TASK BRIEF: Find the line holding "KEN LENNOX AMONG" in the entries below. Give it again exactly, along with every line after it up to and including the line holding "你好2021!聆海再出發!".

PROVIDED RECORDS:

[Start of Attachment]

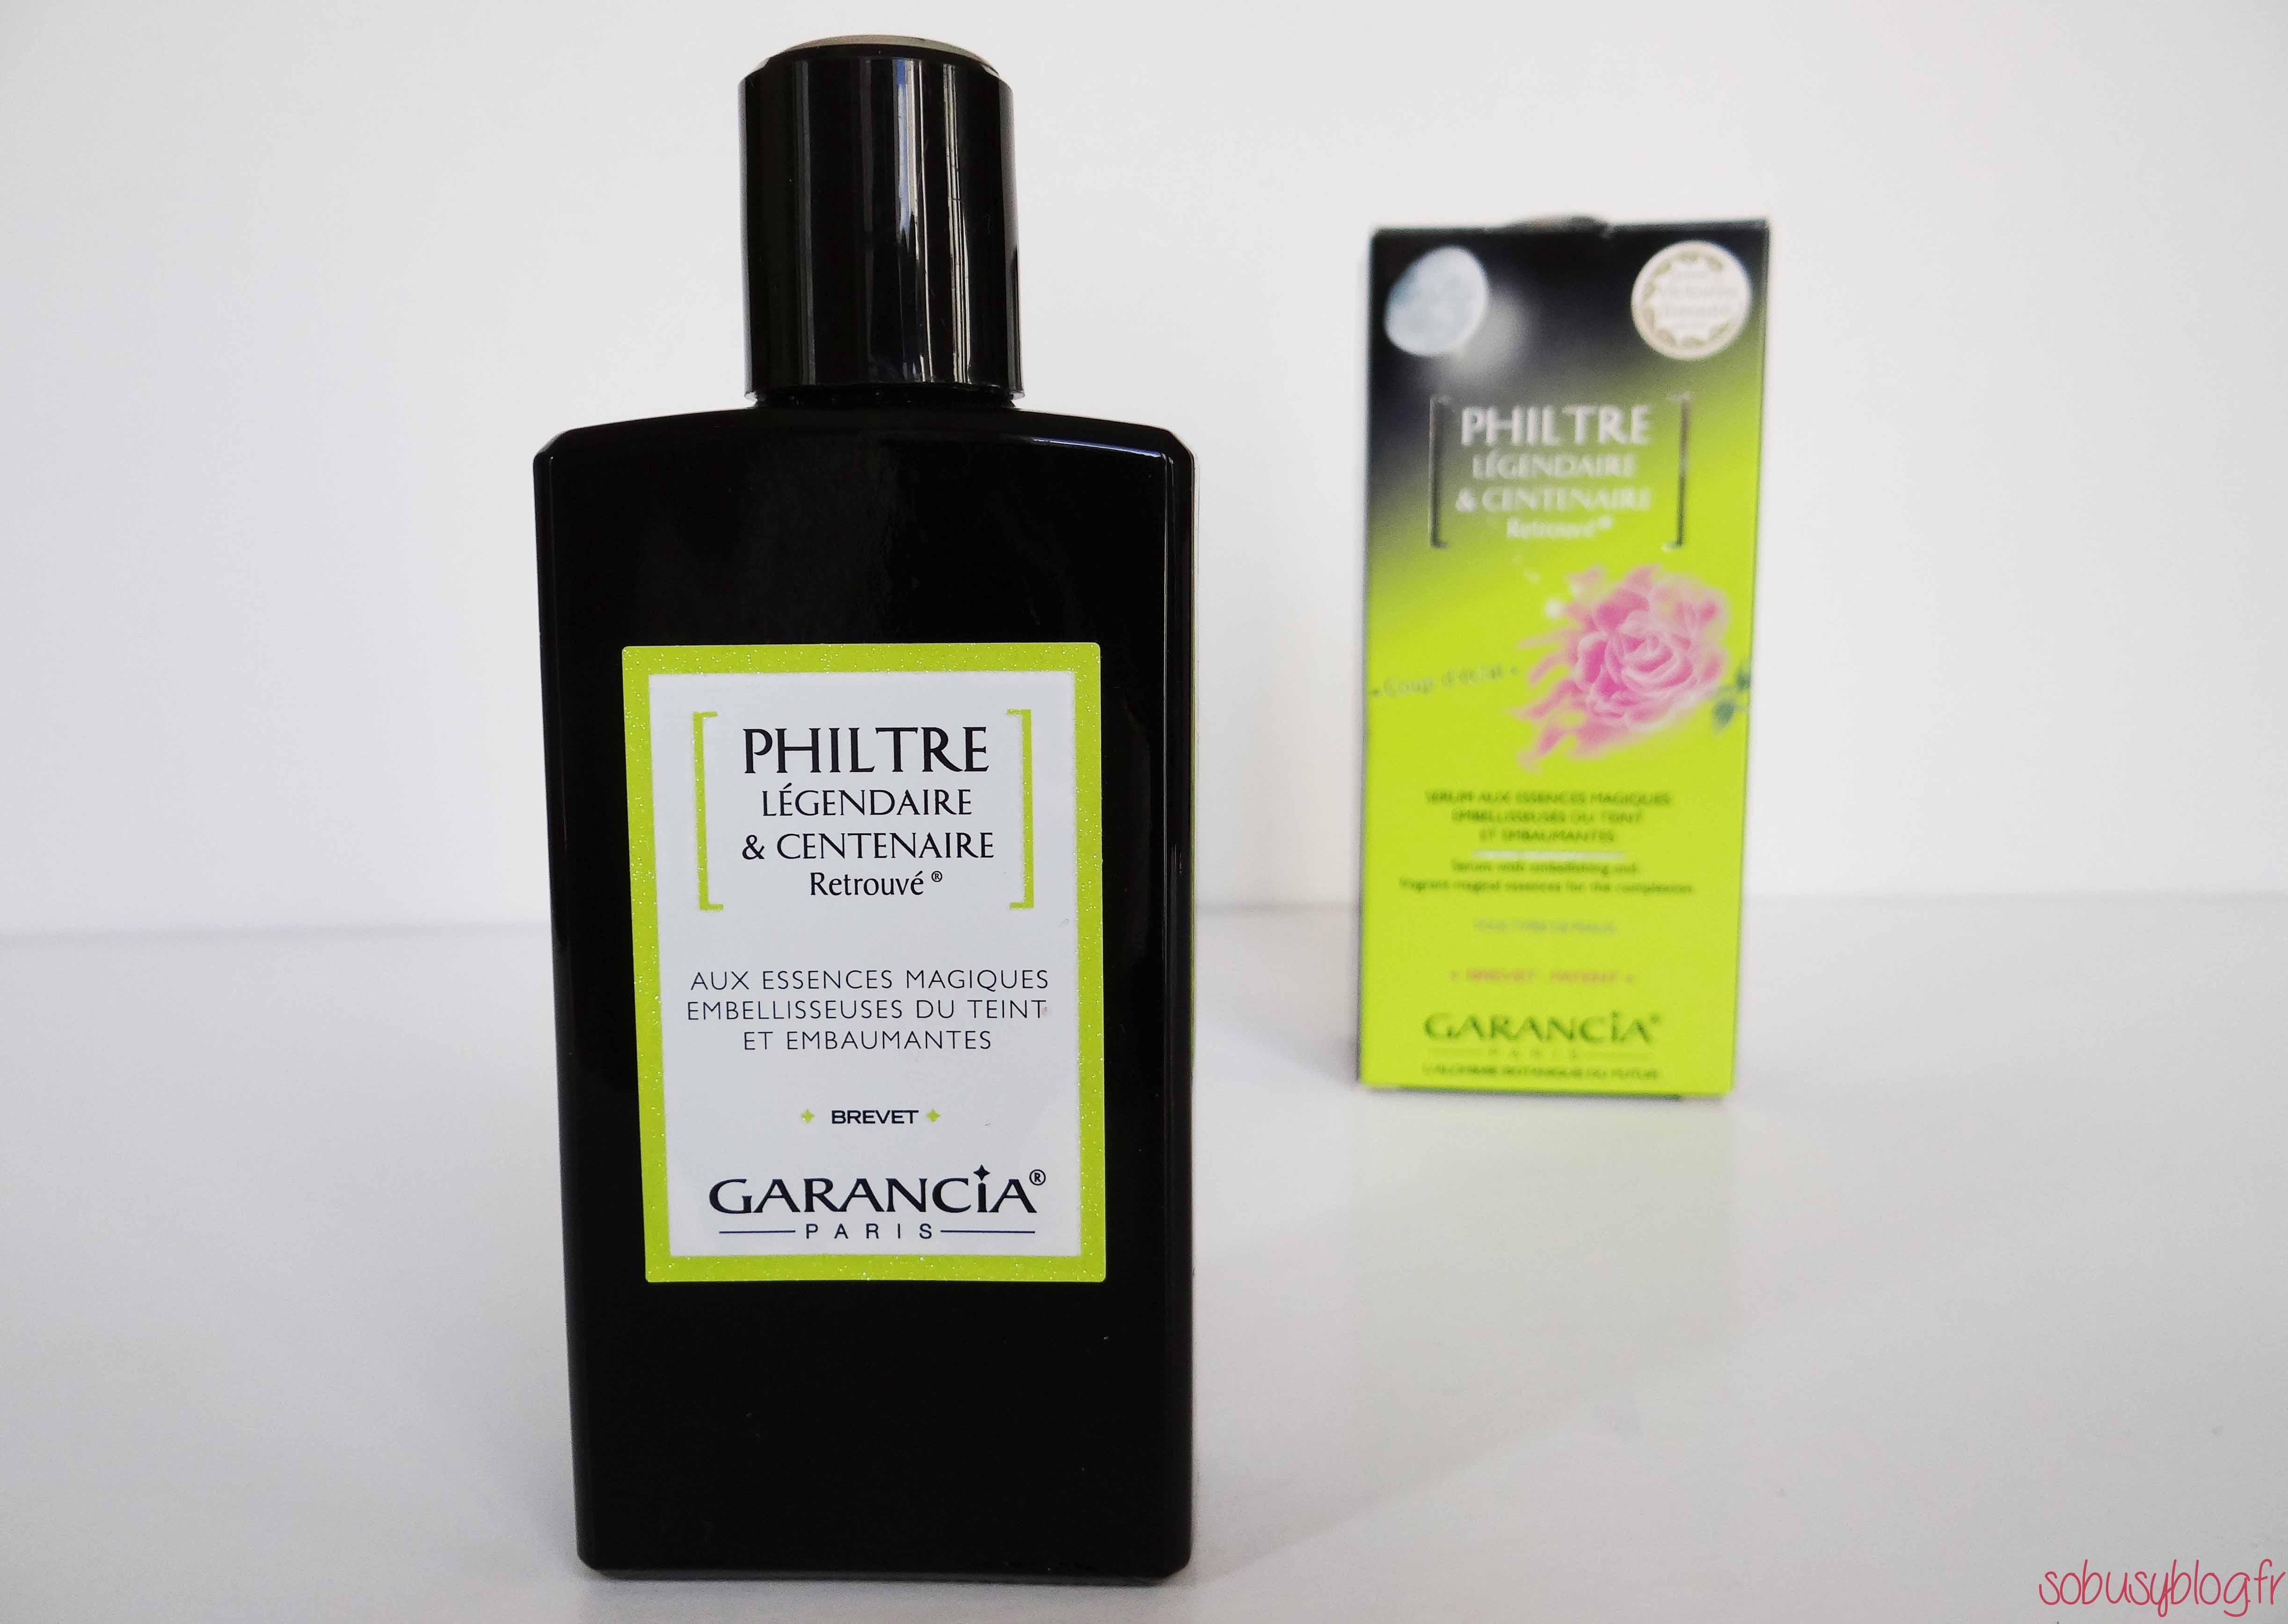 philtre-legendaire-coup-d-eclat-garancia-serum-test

[End of Attachment]
[Start of Attachment]

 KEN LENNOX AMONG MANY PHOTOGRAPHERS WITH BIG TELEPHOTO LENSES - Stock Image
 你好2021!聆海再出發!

[End of Attachment]
[Start of Attachment]

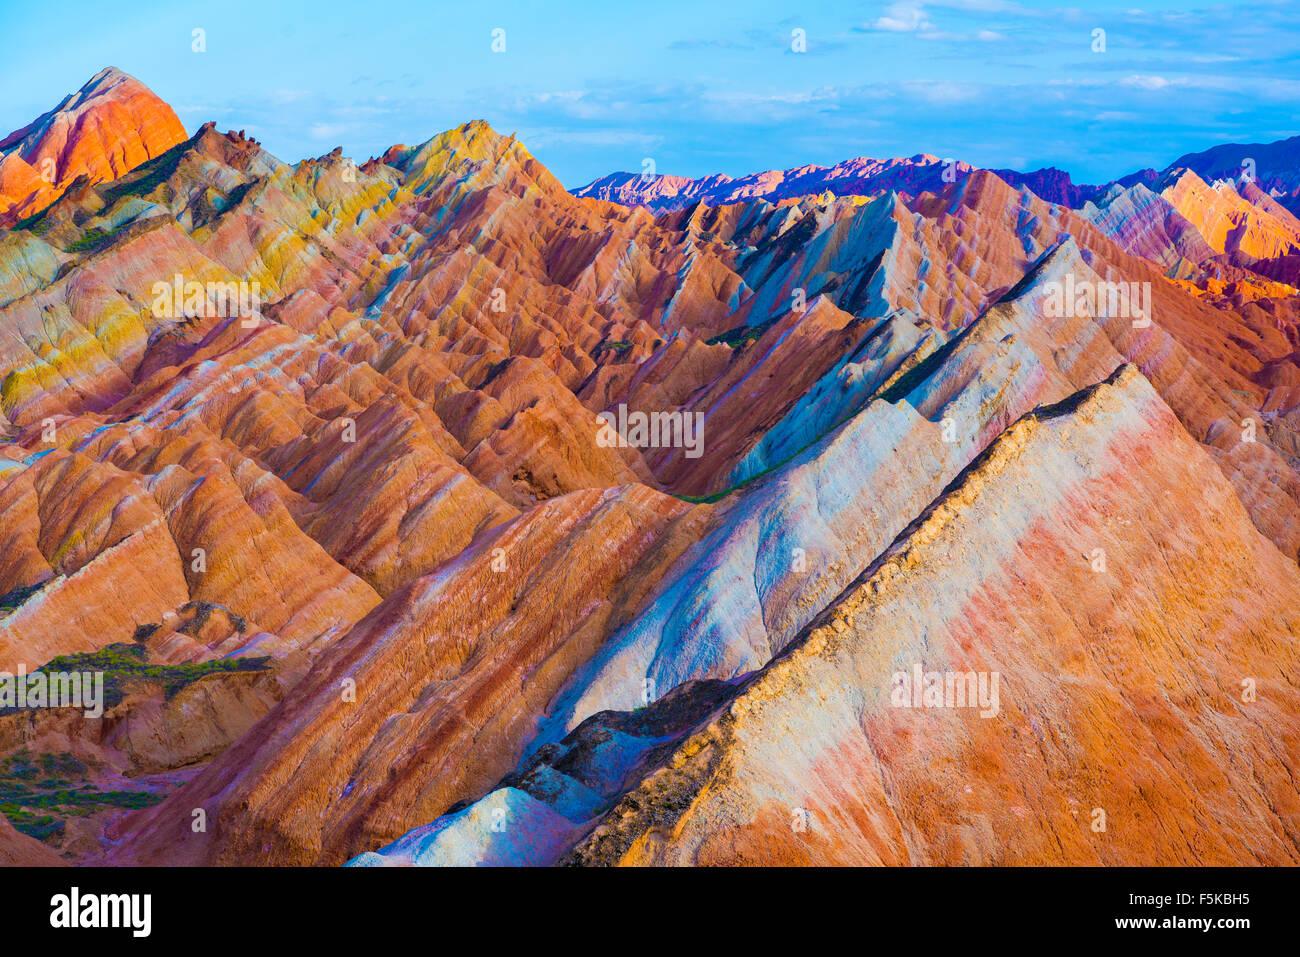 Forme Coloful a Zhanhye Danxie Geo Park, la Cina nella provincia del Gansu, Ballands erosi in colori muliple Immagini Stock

[End of Attachment]

ANSWER BOX:
 KEN LENNOX AMONG MANY PHOTOGRAPHERS WITH BIG TELEPHOTO LENSES - Stock Image
 你好2021!聆海再出發!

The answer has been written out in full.